Зловещая резкость, с которой оборвалась эта затея в феврале 1953 года, внезапность запрета публикации, обескураженные и виноватые физиономии правдистов — вчерашних энтузиастов «спасительной акции», говорили о том, что остужающий и сердитый окрик раздался с самого верха. Сталин не принял привычного подарка, изъявления любви и верности на крови очередных «врагов народа». Не для того задумывалось широкомасштабное наступление: не для того дольше трех лет велось особое наблюдение за ЕАК, прихлопнуть который следовало уже в 1945 году, по минованию военной надобности: не для того шаг за шагом суживали сферу жизнедеятельности еврейской культуры; не с тем вздыбили страну на борьбу против низкопоклонства перед «прогнившим» Западом, чтобы и на этот раз позволить коварному врагу, брошенному на ковер, спастись испытанным приемом: сдать правосудию кучку «предателей» и громко прокричать о своей преданности советской власти. Дожать надо, дожать, притиснуть к ковру и вторую лопатку…

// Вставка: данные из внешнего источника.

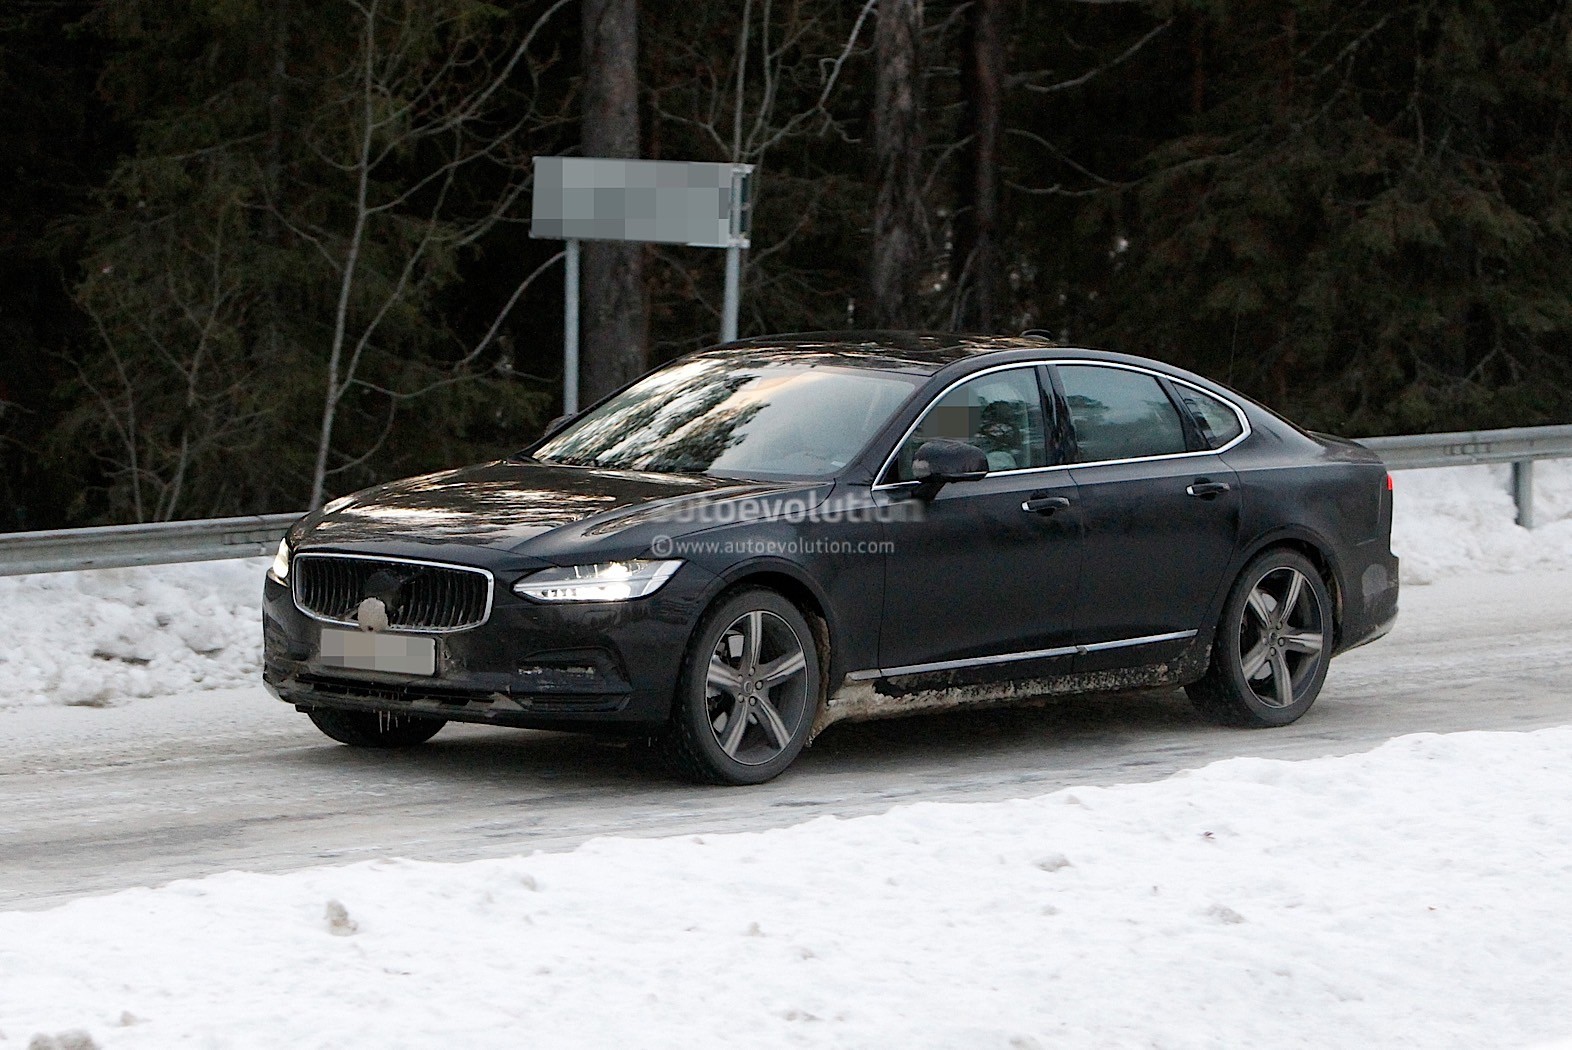 https://s1.cdn.autoevolution.com/images/news/gallery/2021-volvo-s90-and-v90-facelift-wear-useless-camouflage-winter-testing_13.jpg

Братство народов обойдется без них. Целые народы по приказу вождя изгонялись в сибирское и среднеазиатское рассеяние, а в стране не убывало ни братства, ни громких од Сталину. А евреи, полагал он, эти «этнические группы», этот разноликий малый народец, быстро применяющийся к обстоятельствам, жизнью отученный от языка предков, — это не строительный материал истории, а некое вкрапление, нечто непрочное, межеумочное, но при малейшем над ним насилии, при отрицательном энергетическом заряде становящееся опасным для всякого простодушного, доверчивого общества.
Как досаждали ему кривые ухмылки, недоброе перешептывание за его спиной, когда он еще в должности наркомнаца стал распоряжаться судьбами народов Кавказа и Средней Азии, а те «старики» из рядов ленинской гвардии не признавали в нем теоретика-марксиста. Где они теперь, эти умники, говоруны, любители отсиживаться в эмиграции, знатоки мировой дипломатии и европейский языков? Едва ли эти языки понадобились им в камерах Суздальского и Верхне-Уральского политизоляторов.
Какое-то время он попустил этим скрытым, притихшим бундовцам, националистам, радевшим о еврейских школах, газетах и книгах. Не то чтобы вовсе сиял удавку с их шеи — он расправлялся с ними наравне с сынами и дочерьми других народов страны в целях регулярного уничтожения если не вполне вольной мысли — от этого, слава Богу, отучены! — то от всякой мысли или таланта, не поторопившихся отречься, откреститься от своей национальной самобытности. Иные грузины, те, кто имел привилегию доверительного с ним разговора, бывало, пеняли ему: зачем так беспощадно уничтожаются грузинские интеллигенты? А он вяло, с ленивой ухмылкой уверял их, что у страха глаза велики, нисколько не лучше обстоит дело в Ереване и Киеве, в Минске, в Уфе или Казани. Евреев он в этой связи не вспоминал: без своей столицы и государственности они не нация, их потери проходят по чужим амбарным книгам, но между тем госбезопасность не дремлет, там уже давно трудится и группа по борьбе с сионизмом.
Государственности у евреев в Советском Союзе не прибавилось. Опасаться Биробиджана нет нужды: как некий полигон, лаборатория, он, судя по всему, подтверждал неодолимость ассимиляции даже в условиях допущенной властями национальной автономии. Место для автономной области назначили с умом, в Приамурье, на государственной границе, при малейшей нужде можно будет толкнуть эту автономию на тысячи километров севернее, убрать с потерями, но без шума, как в 30-е годы убрали с берегов Амура корейцев.
После войны возникла новая реальность — государство Израиль. Сталин поспешил признать его, и не только в пику Черчиллю, но также из предусмотрительности: в будущих конфликтах на Ближнем Востоке, ни у кого не вызывавших сомнения, лучше поначалу иметь репутацию страны, дружески расположенной к новому государству. Едва ли будущее этого государства виделось Сталину менее «курьезным», чем давние претензии Бунда на национально-культурную автономию. Злобная, с оттенком истерии реакция Сталина на исход арабо-израильской войны сразу же обнаружила его истинные симпатии и намерения.